— TASK ITEM —
All lines from the one that contains "Signature Teas Jasmine" through the close of the entries below are to be repeated exactly, without any pictures.

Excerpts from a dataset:

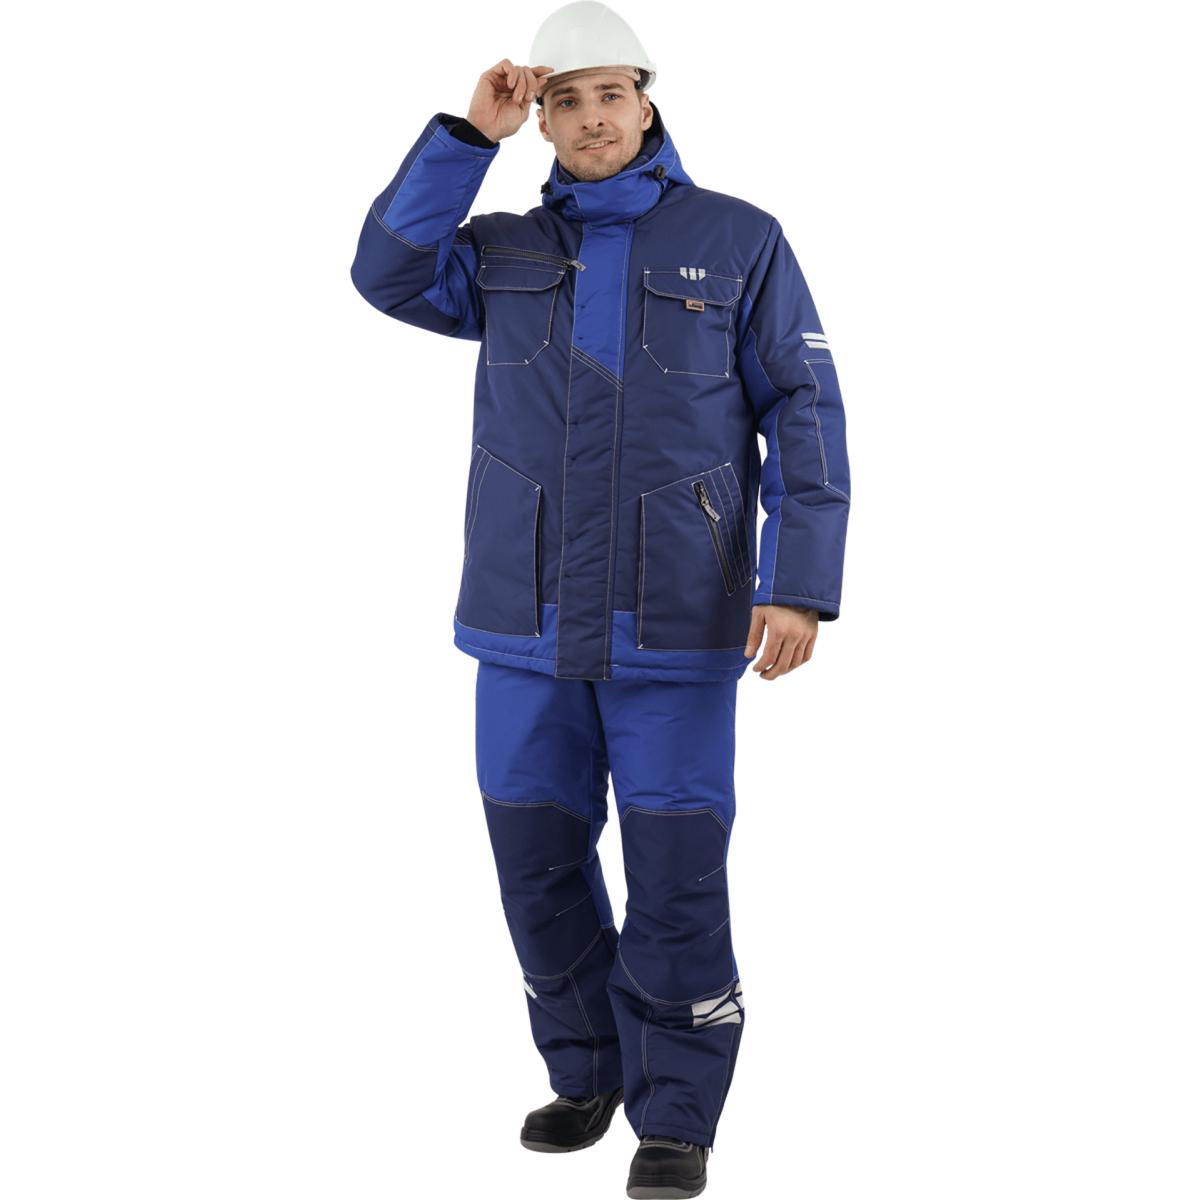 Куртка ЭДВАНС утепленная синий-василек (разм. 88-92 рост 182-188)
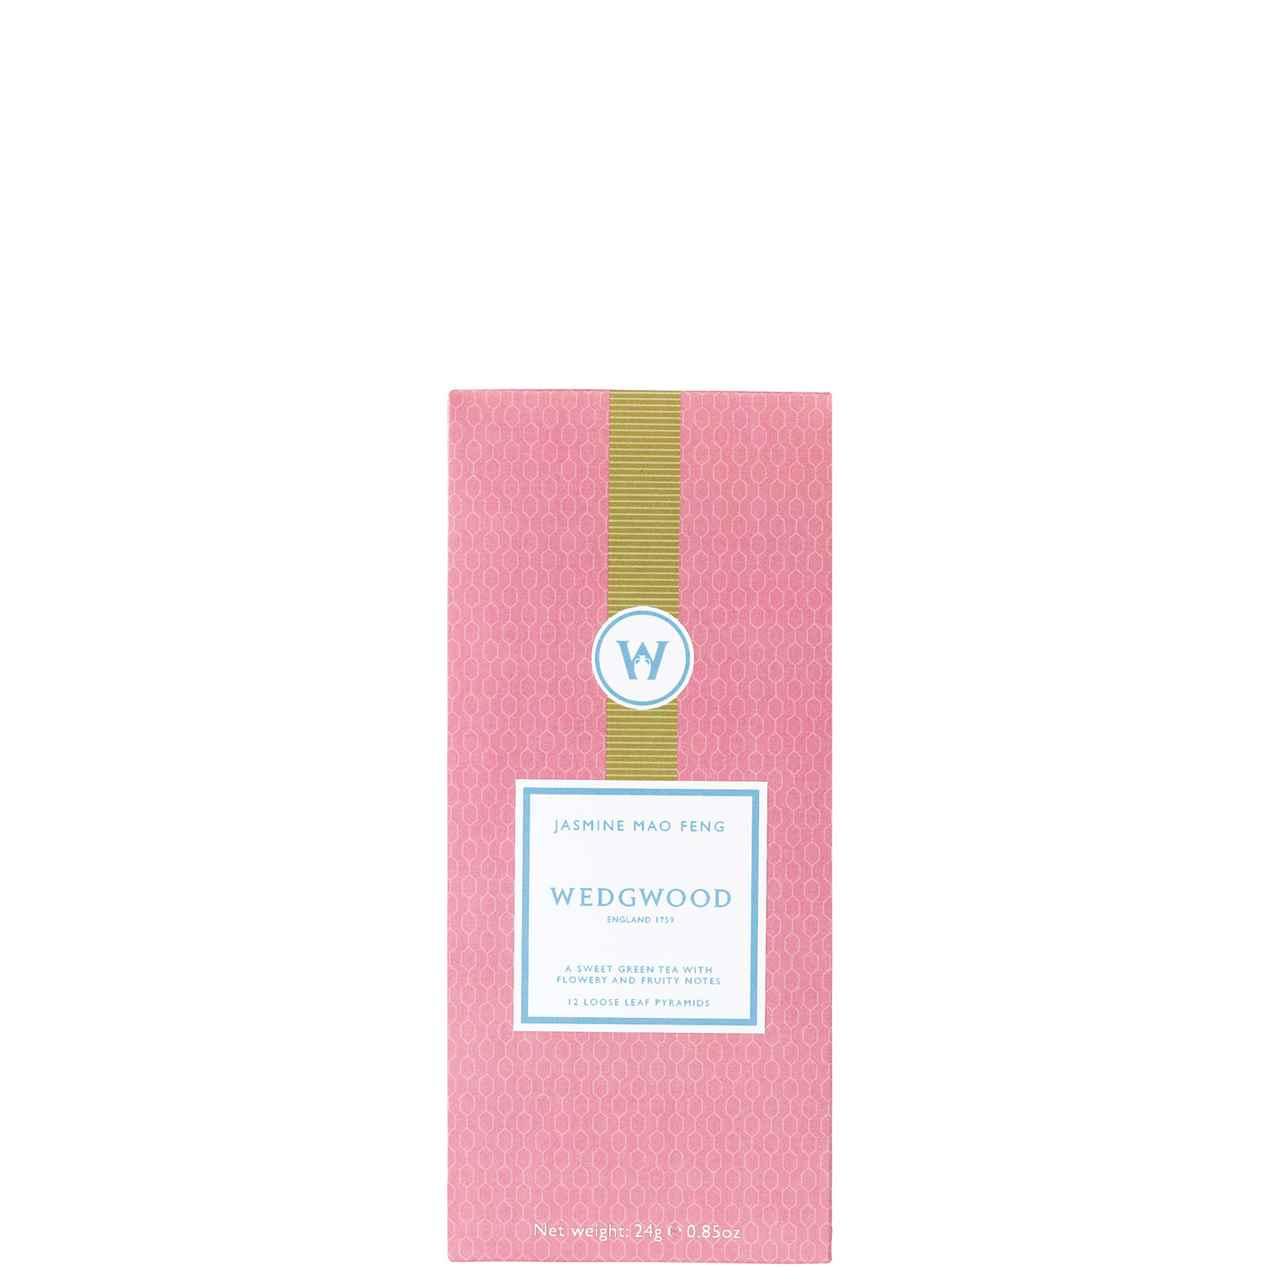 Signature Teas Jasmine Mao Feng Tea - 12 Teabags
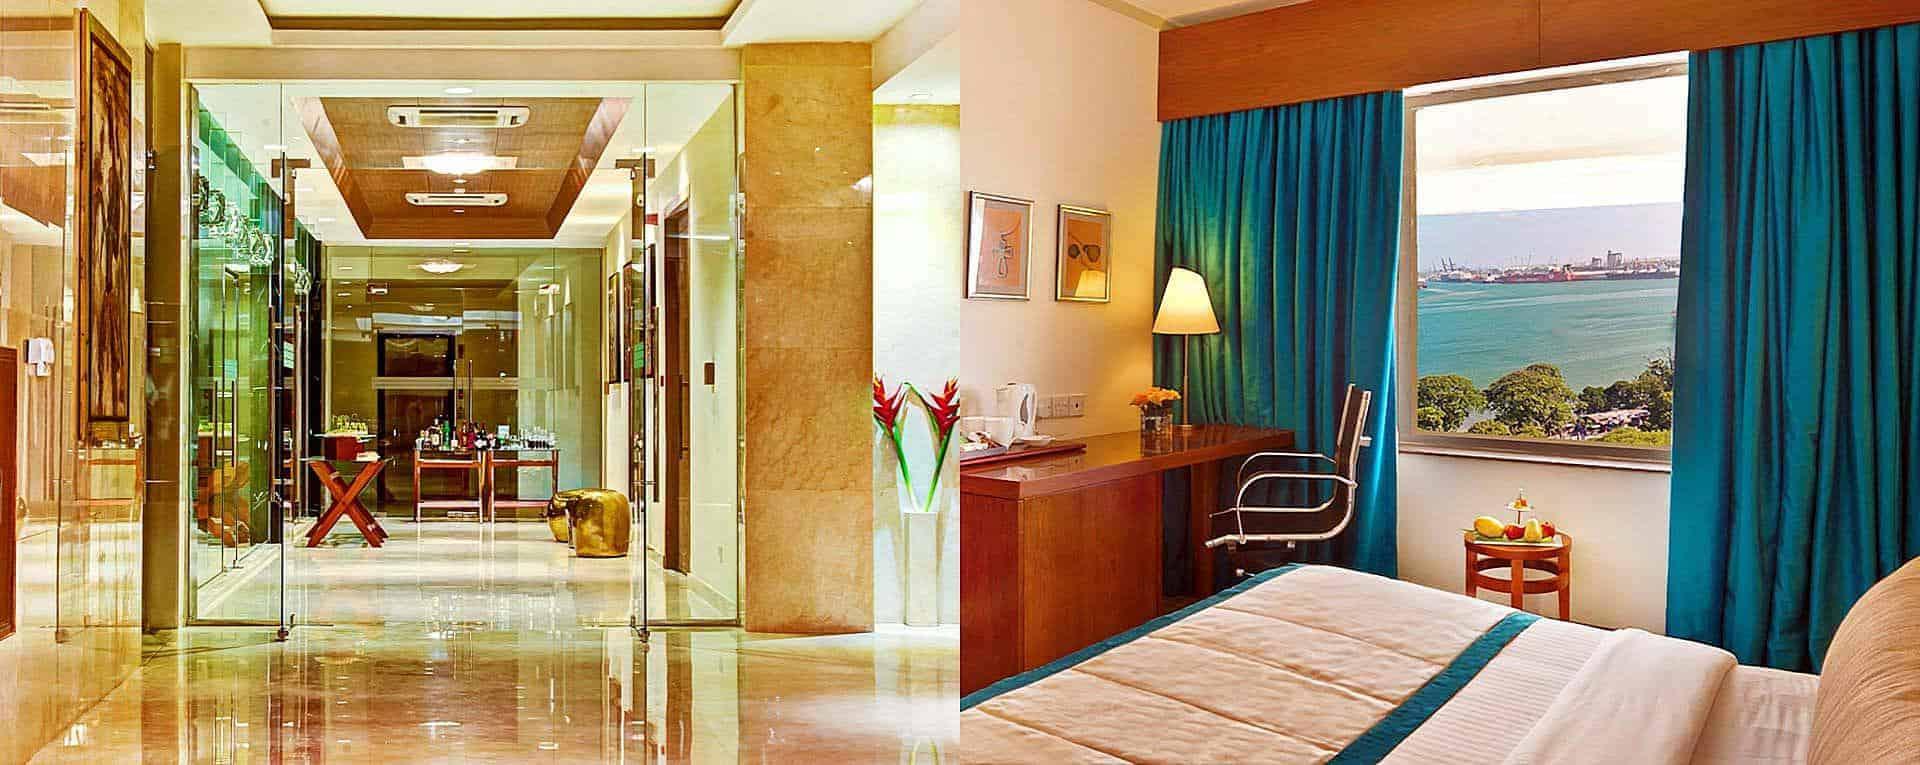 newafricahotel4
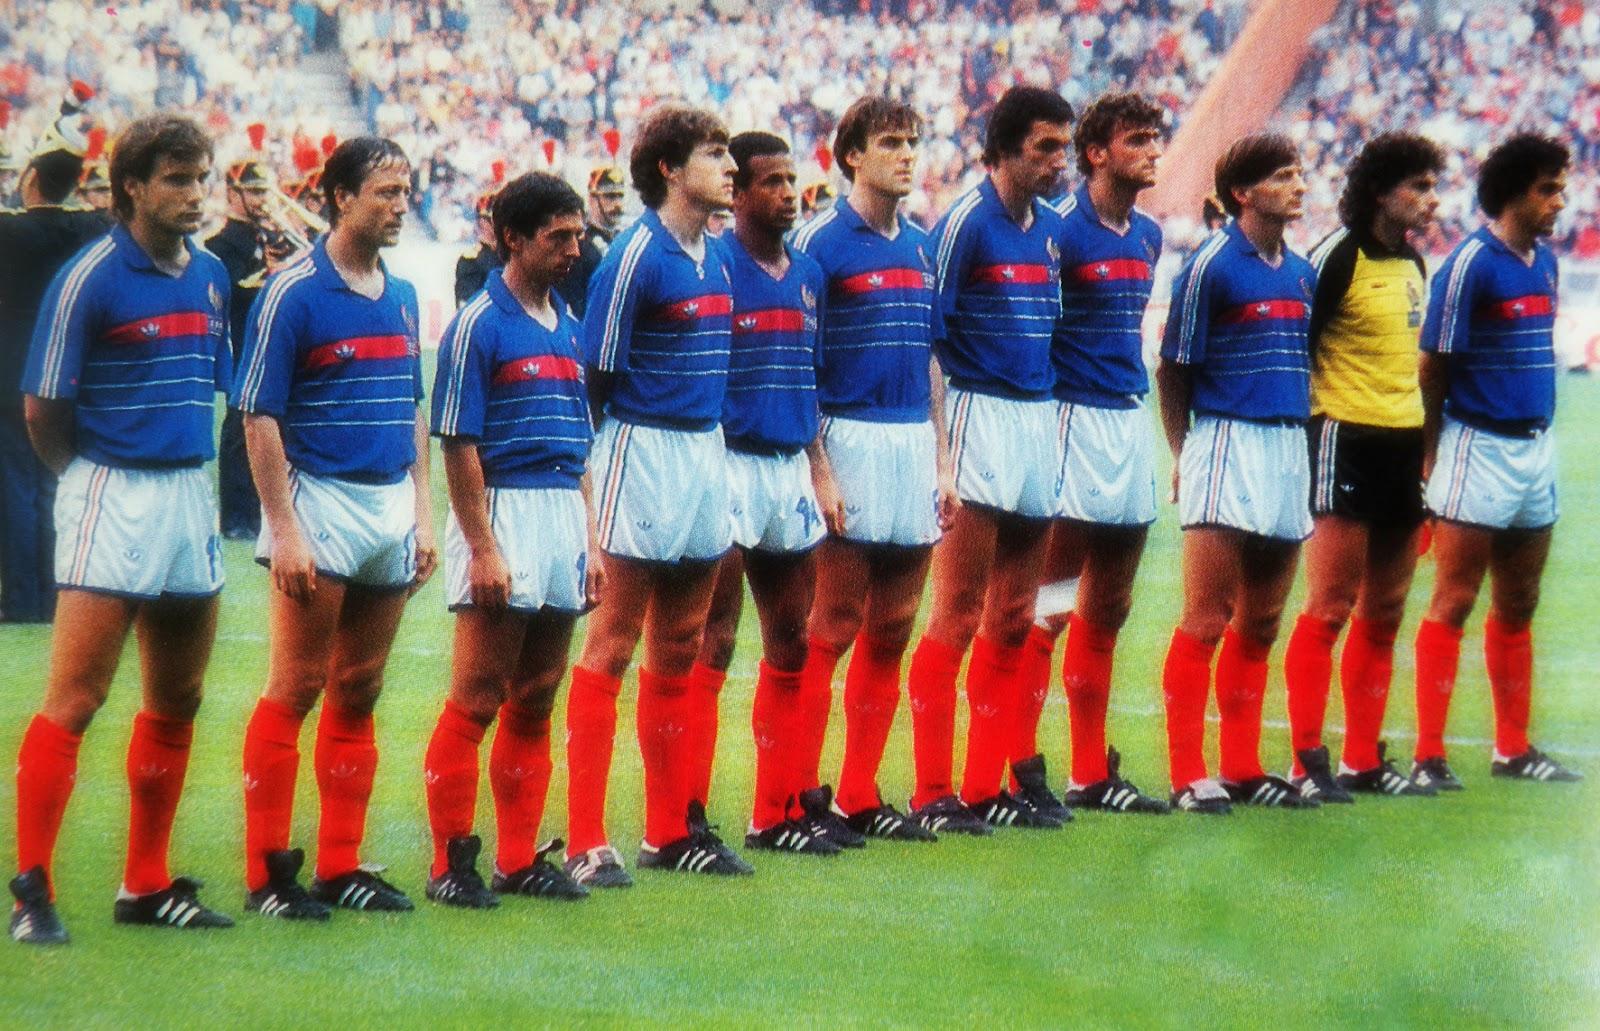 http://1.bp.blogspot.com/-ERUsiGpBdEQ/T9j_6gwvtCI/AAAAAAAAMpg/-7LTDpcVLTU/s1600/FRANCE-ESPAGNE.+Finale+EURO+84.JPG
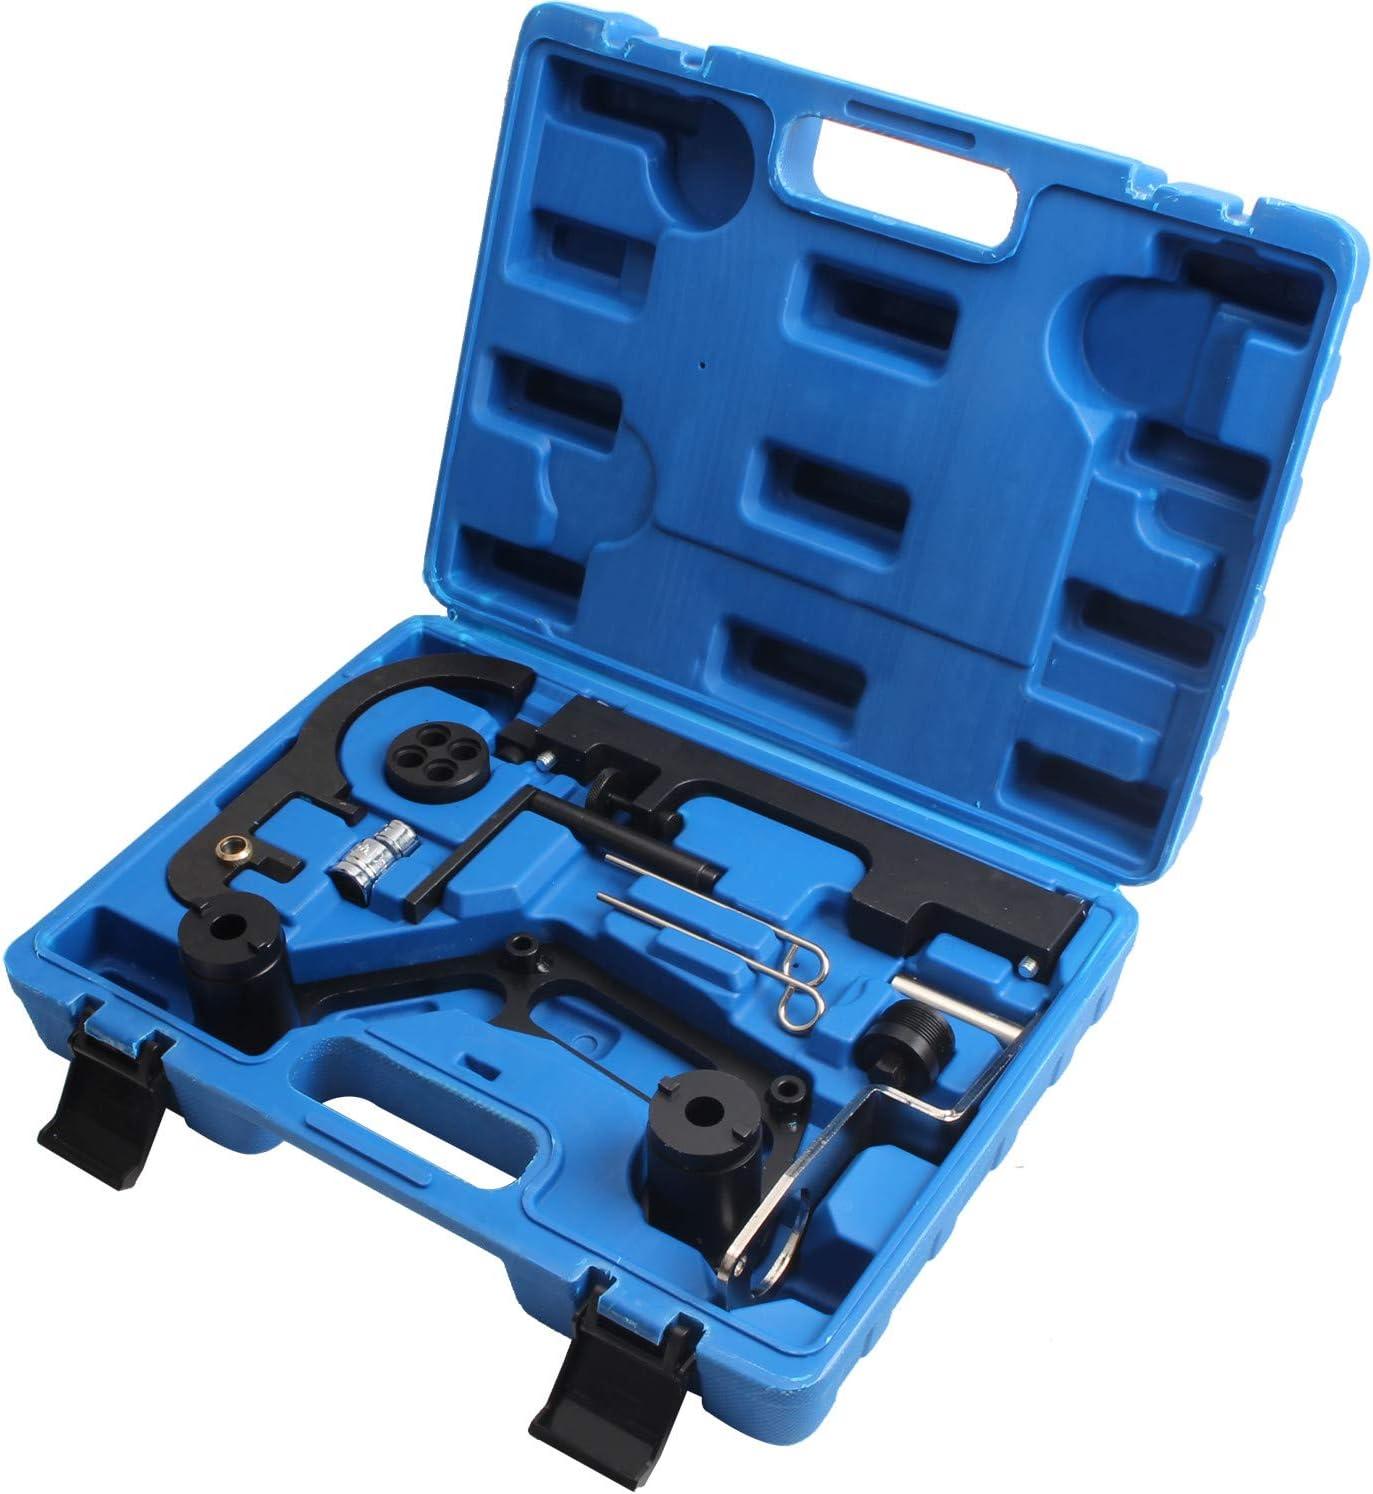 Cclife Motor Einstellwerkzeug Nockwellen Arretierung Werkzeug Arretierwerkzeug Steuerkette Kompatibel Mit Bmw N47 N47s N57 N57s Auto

— EXERCISE SOLUTION —
 Signature Teas Jasmine Mao Feng Tea - 12 Teabags
 newafricahotel4
 http://1.bp.blogspot.com/-ERUsiGpBdEQ/T9j_6gwvtCI/AAAAAAAAMpg/-7LTDpcVLTU/s1600/FRANCE-ESPAGNE.+Finale+EURO+84.JPG
 Cclife Motor Einstellwerkzeug Nockwellen Arretierung Werkzeug Arretierwerkzeug Steuerkette Kompatibel Mit Bmw N47 N47s N57 N57s Auto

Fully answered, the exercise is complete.